In January 1674, Denmark joined the anti-French coalition, followed by the February Treaty of Westminster, which ended the Third Anglo-Dutch War. The allies agreed to focus on expelling France from its remaining positions in the Netherlands, while an Imperial army opened a second front in Alsace. Louis appointed Turenne commander in Alsace and ordered him to prevent the Imperials breaking into Eastern France, or linking up with the Dutch. Since he could not expect reinforcements, the longer Turenne delayed, the worse his position became, and so he decided to take the offensive. He was helped in this since French armies of the period held significant advantages over their opponents; undivided command, talented generals, and vastly superior logistics. Reforms introduced by Louvois, the Secretary of War, meant they could mobilise much more quickly than their adversaries, and campaign for longer.

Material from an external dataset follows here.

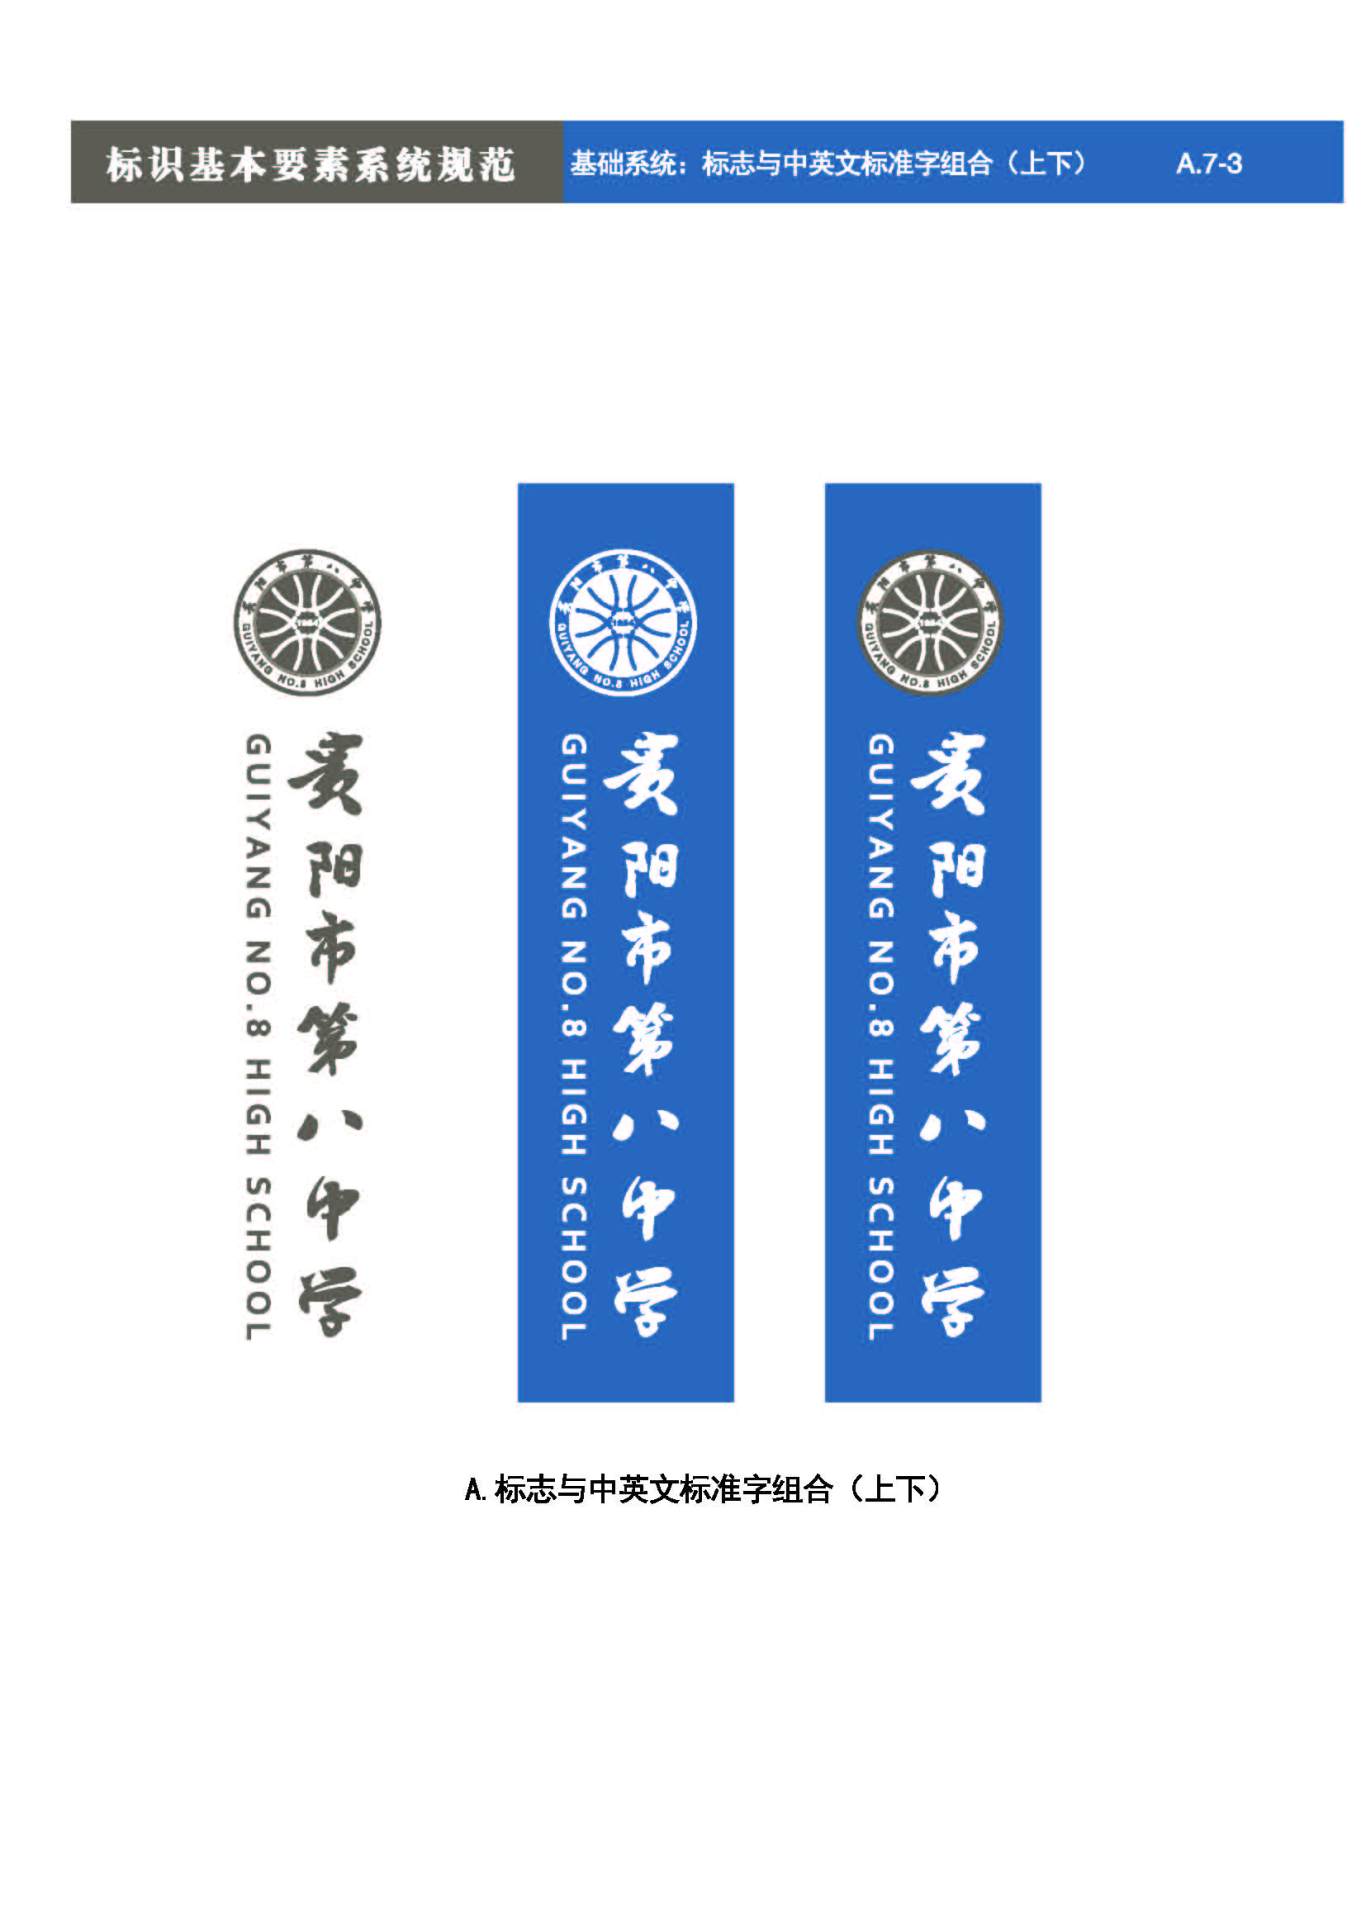 贵阳第八中学Logo、VIS设计图24

The main French objectives for 1674 were to retake Franche-Comté and key fortresses along their border with the Spanish Netherlands. Turenne was tasked with preventing the Imperialists entering Alsace but decided the best way to do that was to attack. On 14 June, he crossed the Rhine near Philippsburg, seeking to intercept an Imperial force under Aeneas de Caprara before it could link up with Alexander von Bournonville. On 16 June, Turenne caught Caprara outside Sinsheim and brought him to battle.

The battle

Caprara aligned his infantry along the hedgerows and gardens at the entrance of the village.

Turenne deployed his infantry and his dragoons on foot. They forced the outposts, crossed the Elsanz and entered Sinsheim. The Imperials retreated through the village and fell back on the plateau behind the village.

To reach the plateau, the French had to climb a narrow passage. Turenne positioned infantry and dragoons in the hedgerows flanking the narrow passage, as well as in the castle and in the vineyard. The French cavalry could then advance through the passage.

An enemy counter-attack was stopped by the covering fire of the French infantry. The Imperials were repelled from the plateau and withdrew. Turenne immediately left Sinsheim to monitor the bulk of the Imperial army, stationed on the Moselle.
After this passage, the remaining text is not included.